Читаем Концертмейстер полностью

Лапшина потрясли эти строки. Сенин-Волгин открылся ему с какой-то иной стороны. Наверное, не шибко приятное для Лапшина своеобразие Сенина-Волгина, его необдуманное и не очень умное резонерство мешали разглядеть в нем его настоящую личность. И вот она явилась. Явилась в стихах. В словах, в их сочетаниях, в тоне жила такая музыкальность, какой нельзя научиться. Стихотворение было длинным, крутящимся вокруг одного и того же, а потому завораживающим. После первого куплета в голову сама собой полезла мелодия — то ли песня, то ли романс, то ли акапельный хор на эти стихи. Ему даже захотелось встать и подпеть Сенину-Волгину, но он себя одернул. А потом его остро кольнуло жалобное, бесповоротное что-то. Он почти вздрогнул от мысли, как все они беззащитны перед этим временем, в котором живут те, кто доносит, те, кто на основании этих доносов калечит людям жизни, а то и просто жизнь у них отнимает. Хороший конец исключен. Никто не в силах противиться молоху, страшному, пожирающему всех монстру, созревающему в своих бесчисленных копиях в каждом из советских людей. Никто, подобно Спартаку, не поднимет восстания, никто не дерзнет изменить положение вещей, никто не попросит ни за кого. Машина всегда права, когда едет. Человек ее не догонит и не остановит. Она может прекратить свое движение только сама. Но это уже, как правило, ни на что не влияет. Все уже к тому времени кончено.

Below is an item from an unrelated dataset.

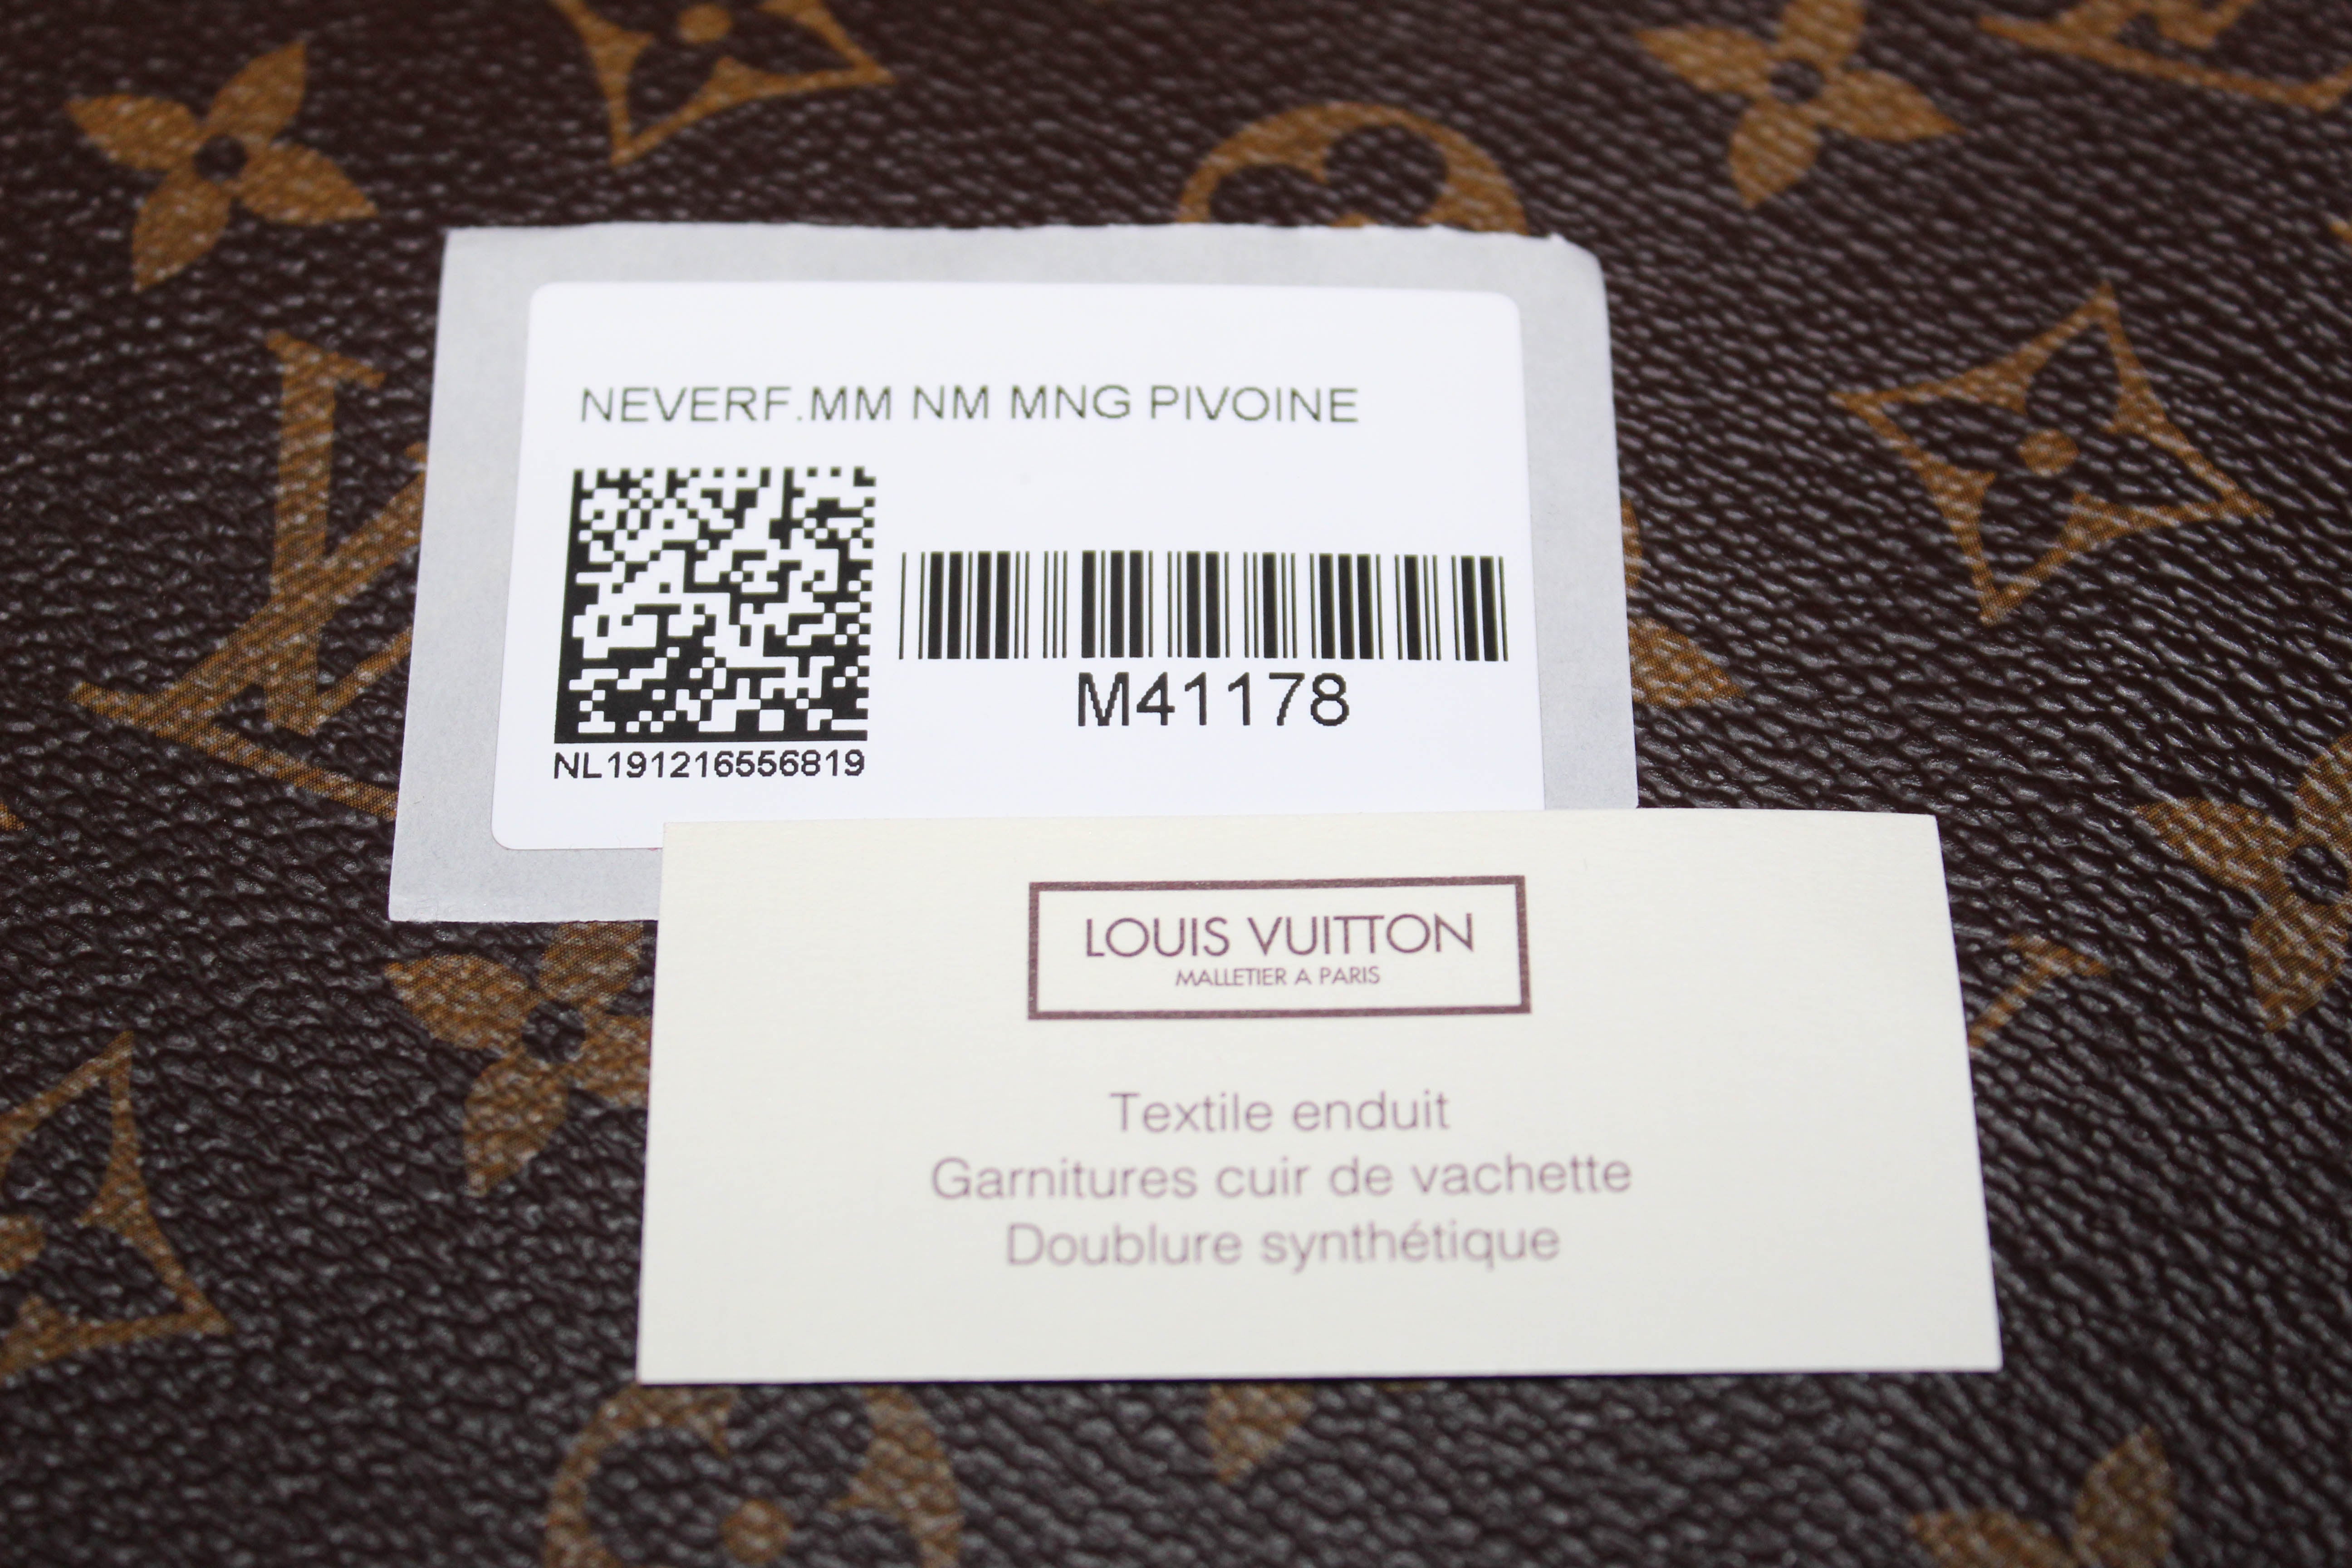 LOUIS VUITTON Neverfull Size MM Monogram Pivoine M41178

Доносчица сидела перед ним. Вычислила ли она его тогда, убегающего, или нет? Рассказала ли своему собеседнику о том, кто это тикает от них? Конечно, да. Это есть в ее глазах. В ее глазах убежденность: он, Александр Лапшин, никогда ее не выдаст. Потому что знает, что с ним за это будет. Может, прямо сейчас встать и всем все выложить?

Когда Сенин-Волгин закончил чтение, все разразились аплодисментами. Все, кроме Лапшина. Он схватил бутылку водки, плеснул себе больше половины стакана и залпом выпил. Хм... Оставалось только напиться. Если желудок, вернее, то, что от него осталось, не выдержит, так и черт с ним.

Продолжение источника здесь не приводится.